● **PROBLEM DETAILS**: Would you transcribe the listing that follows word for word, skipping pictures?

● **GIVEN DATA**:
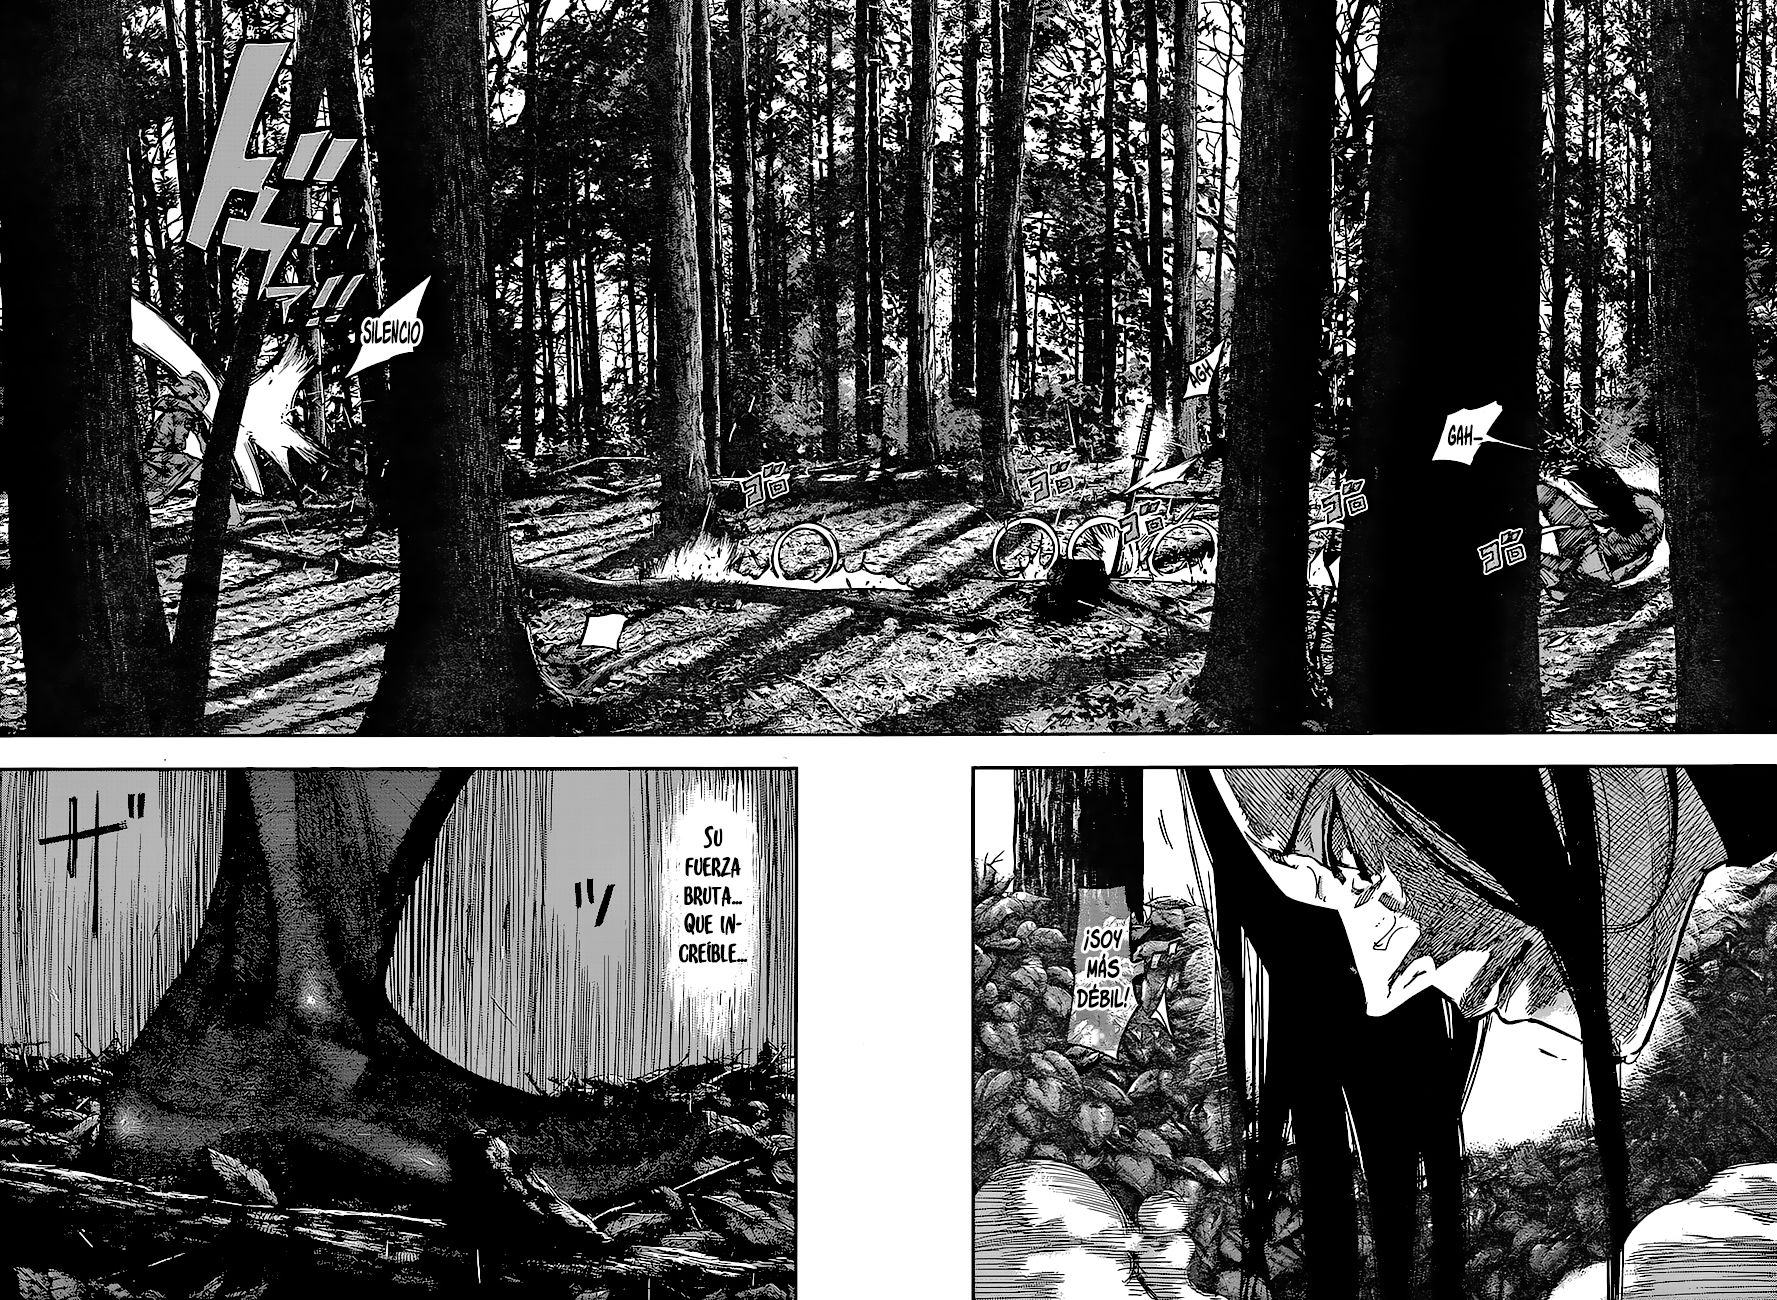 http://c5.ninemanga.com/es_manga/59/59/474649/da94be6d2b80d736e2d13d1e3c47d035.jpg Page 8
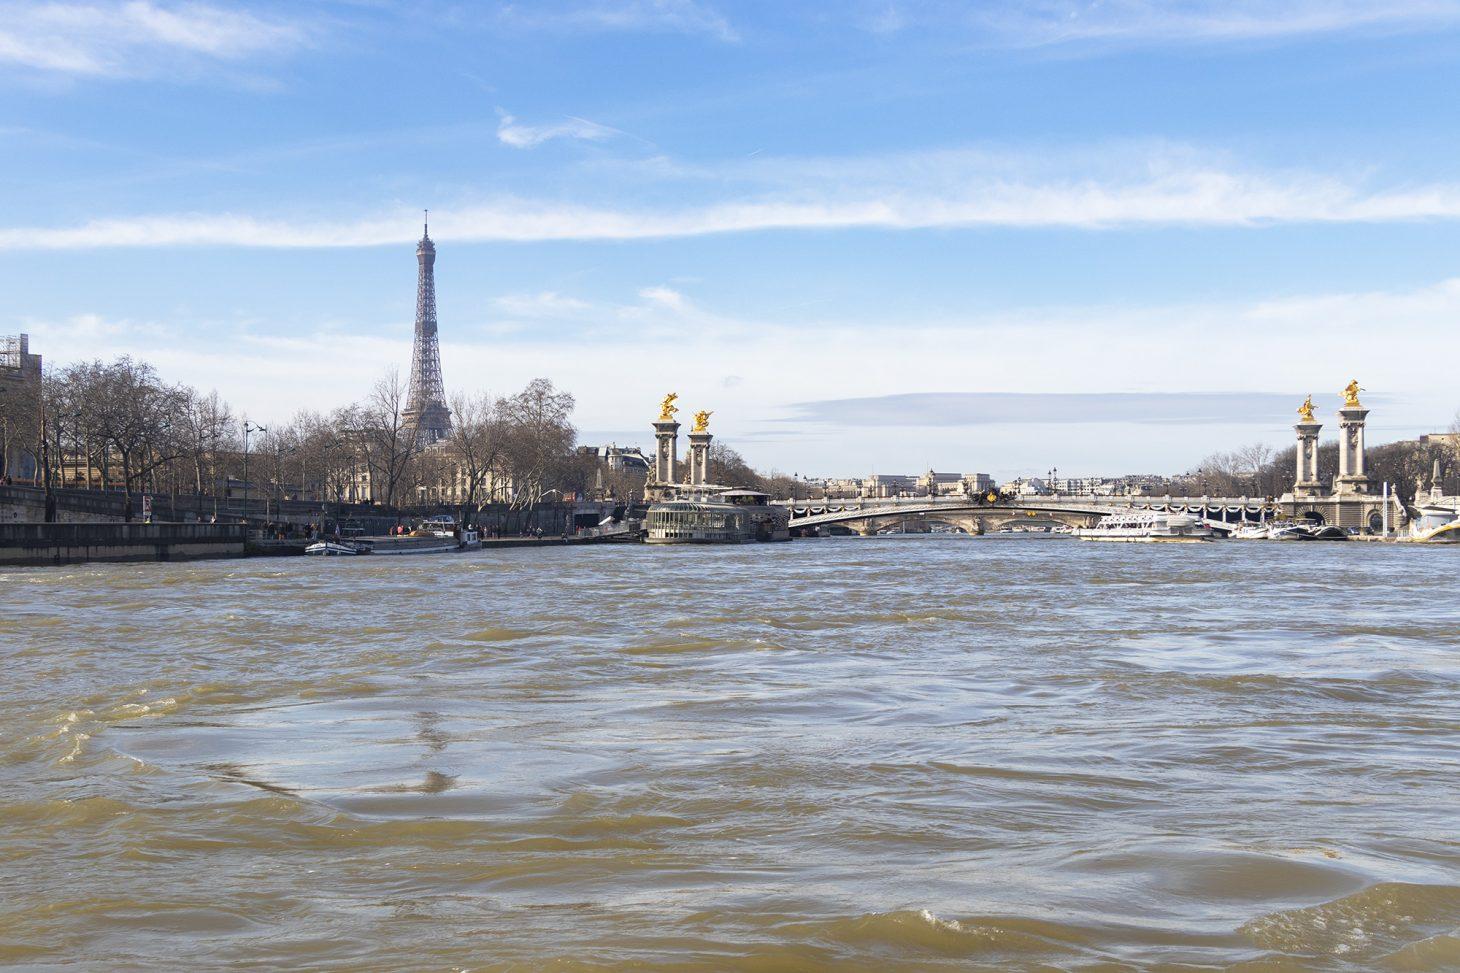 Seine River Cruise with Eiffel Tower, Paris
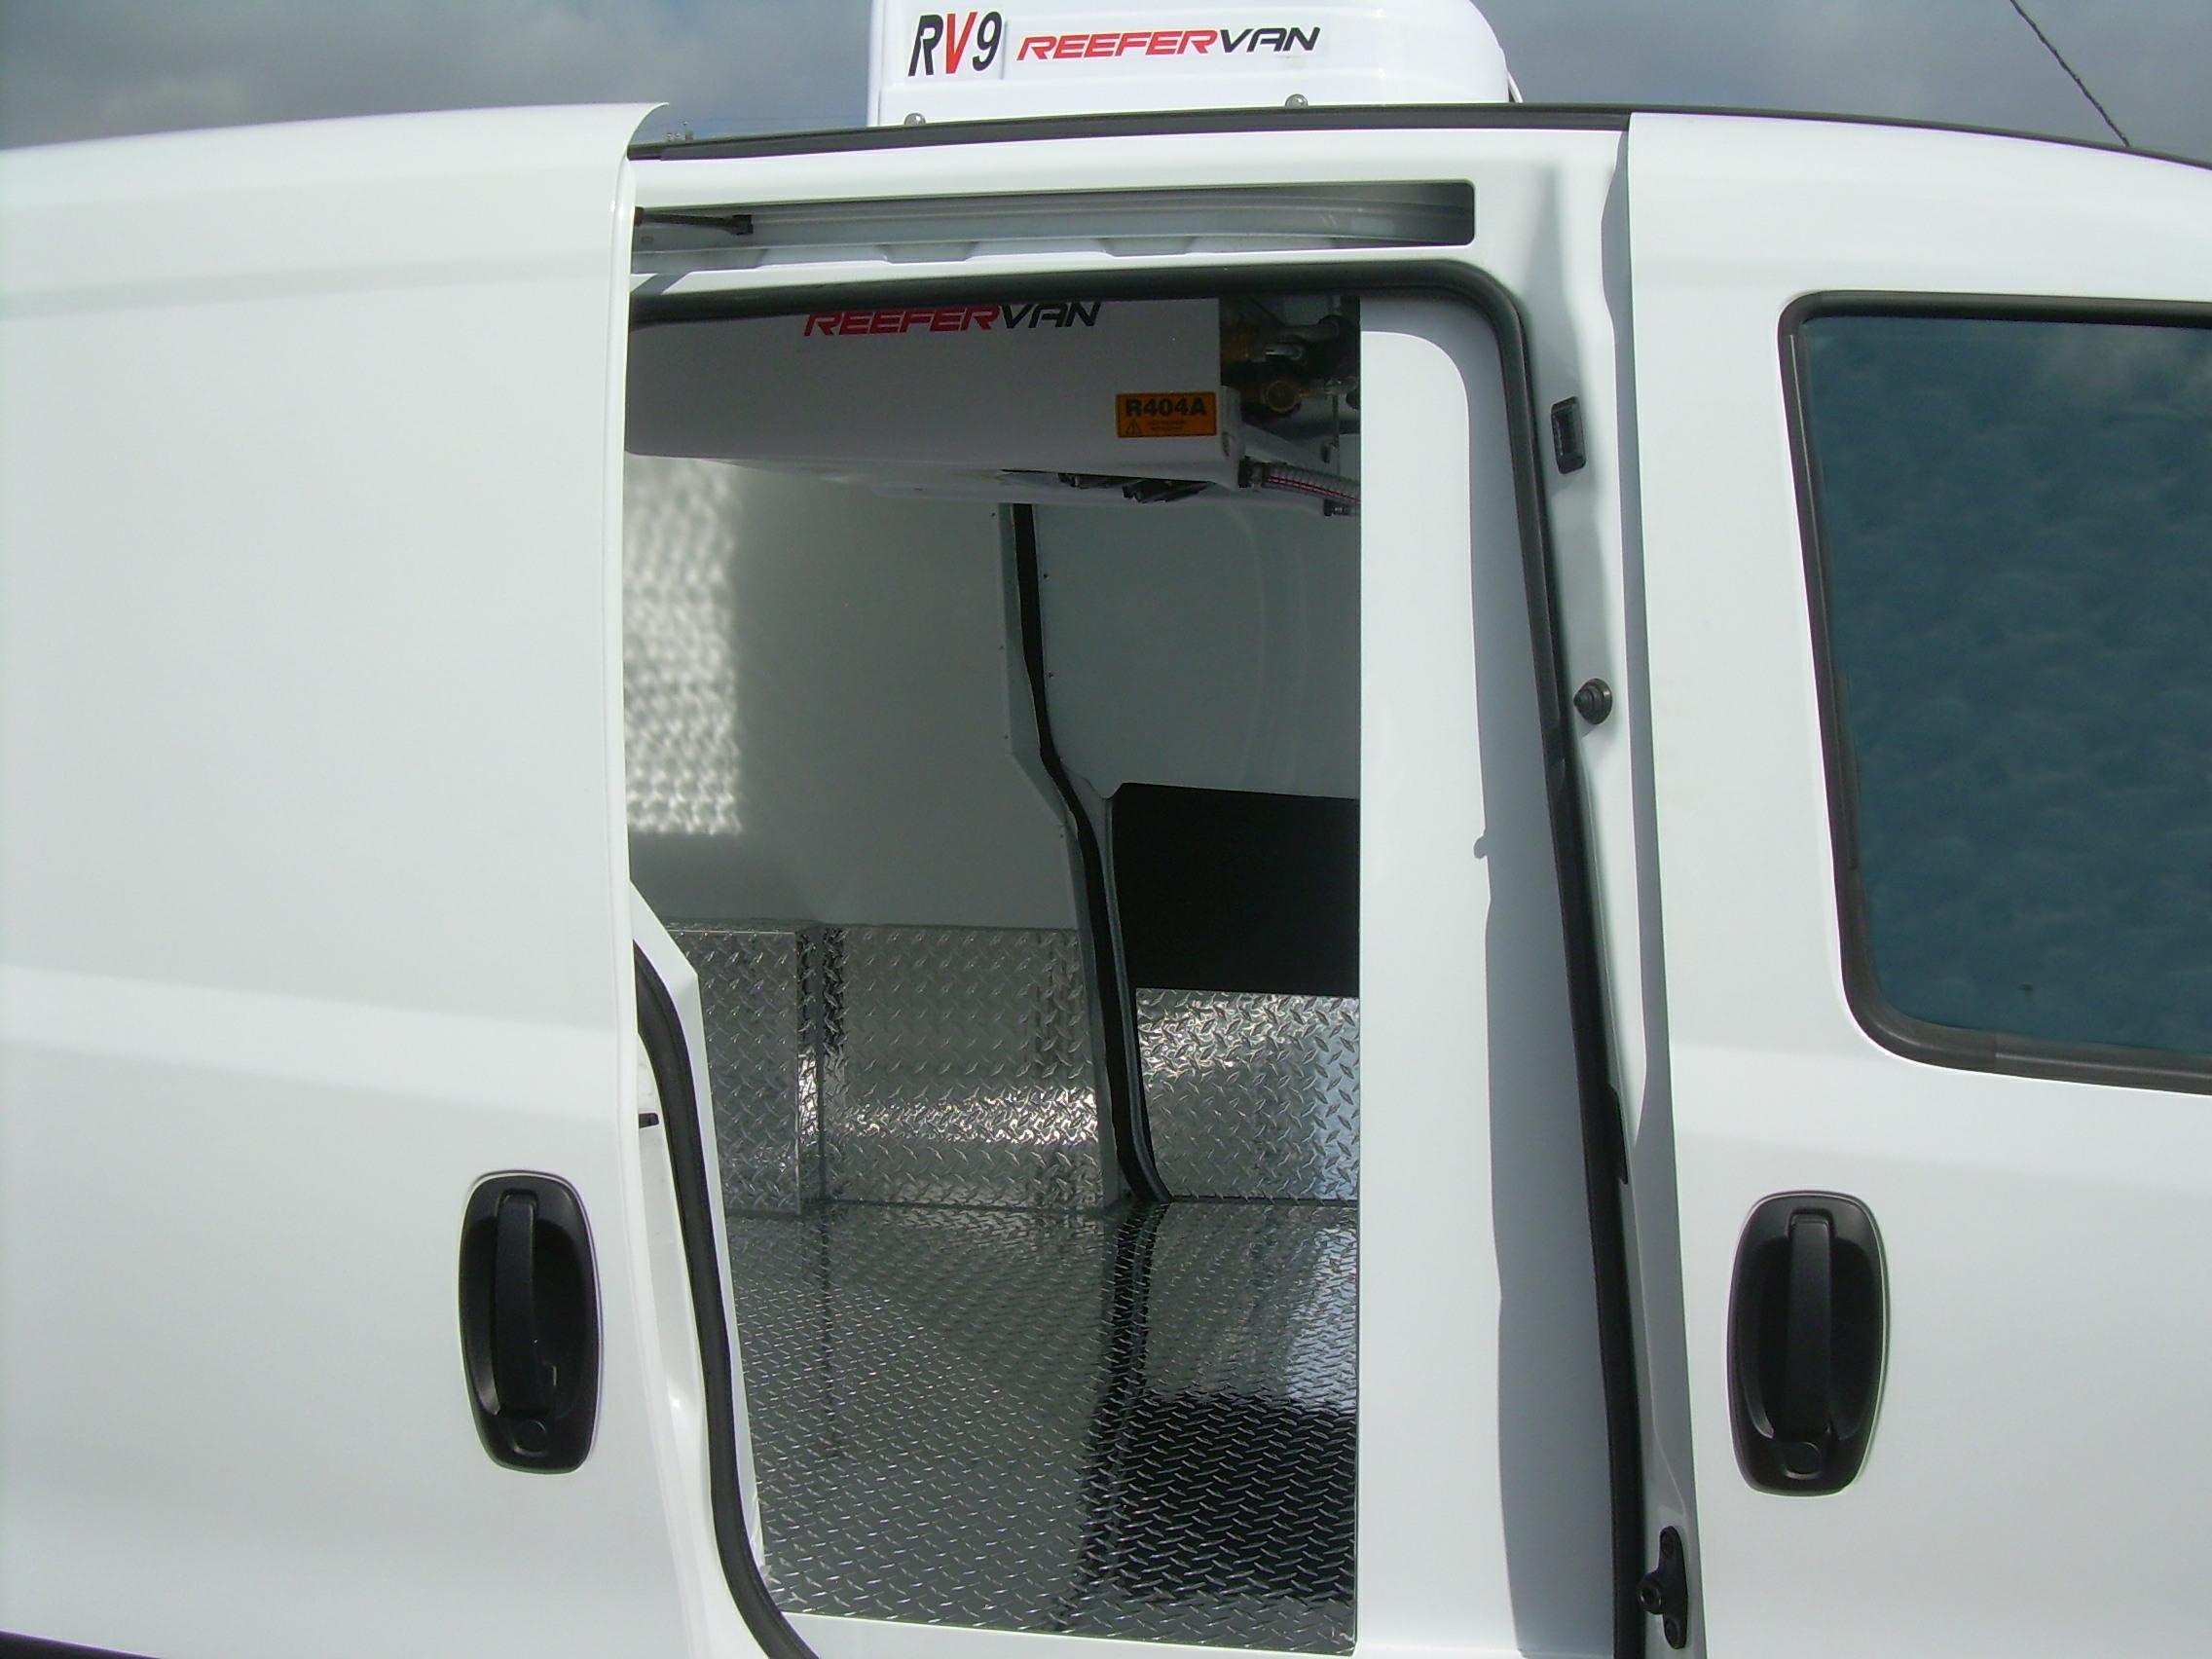 RV9 - Small Van
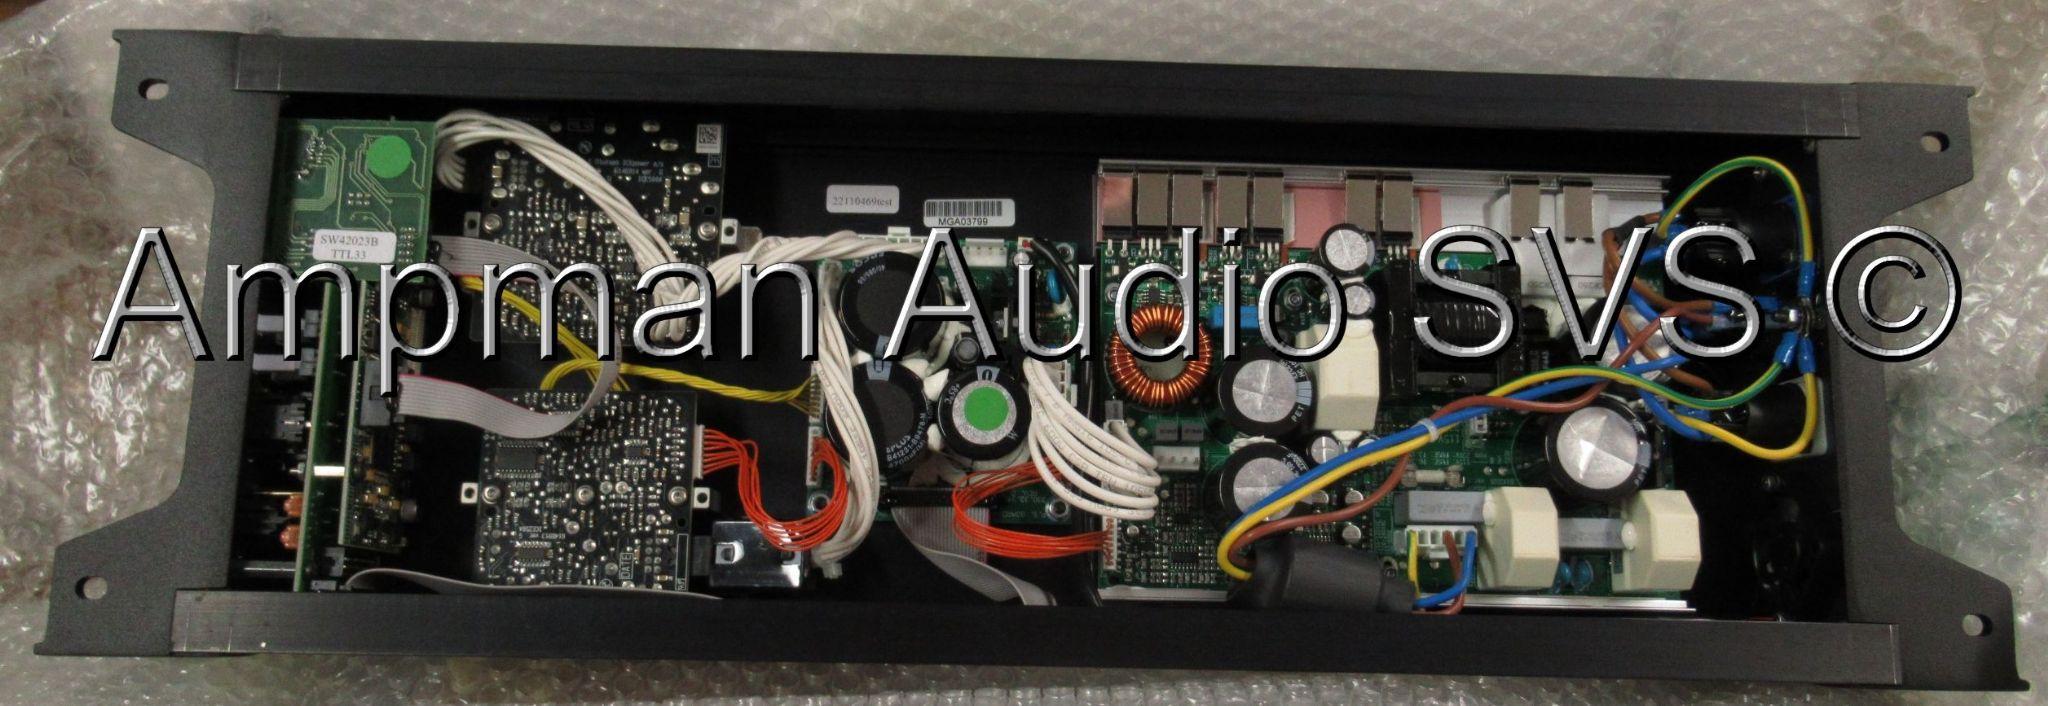 Rcf Ttl33a Ii Amplifier Assembly 230v Ampman Audio

● **WRITTEN SOLUTION**:
 http://c5.ninemanga.com/es_manga/59/59/474649/da94be6d2b80d736e2d13d1e3c47d035.jpg Page 8
 Seine River Cruise with Eiffel Tower, Paris
 RV9 - Small Van
 Rcf Ttl33a Ii Amplifier Assembly 230v Ampman Audio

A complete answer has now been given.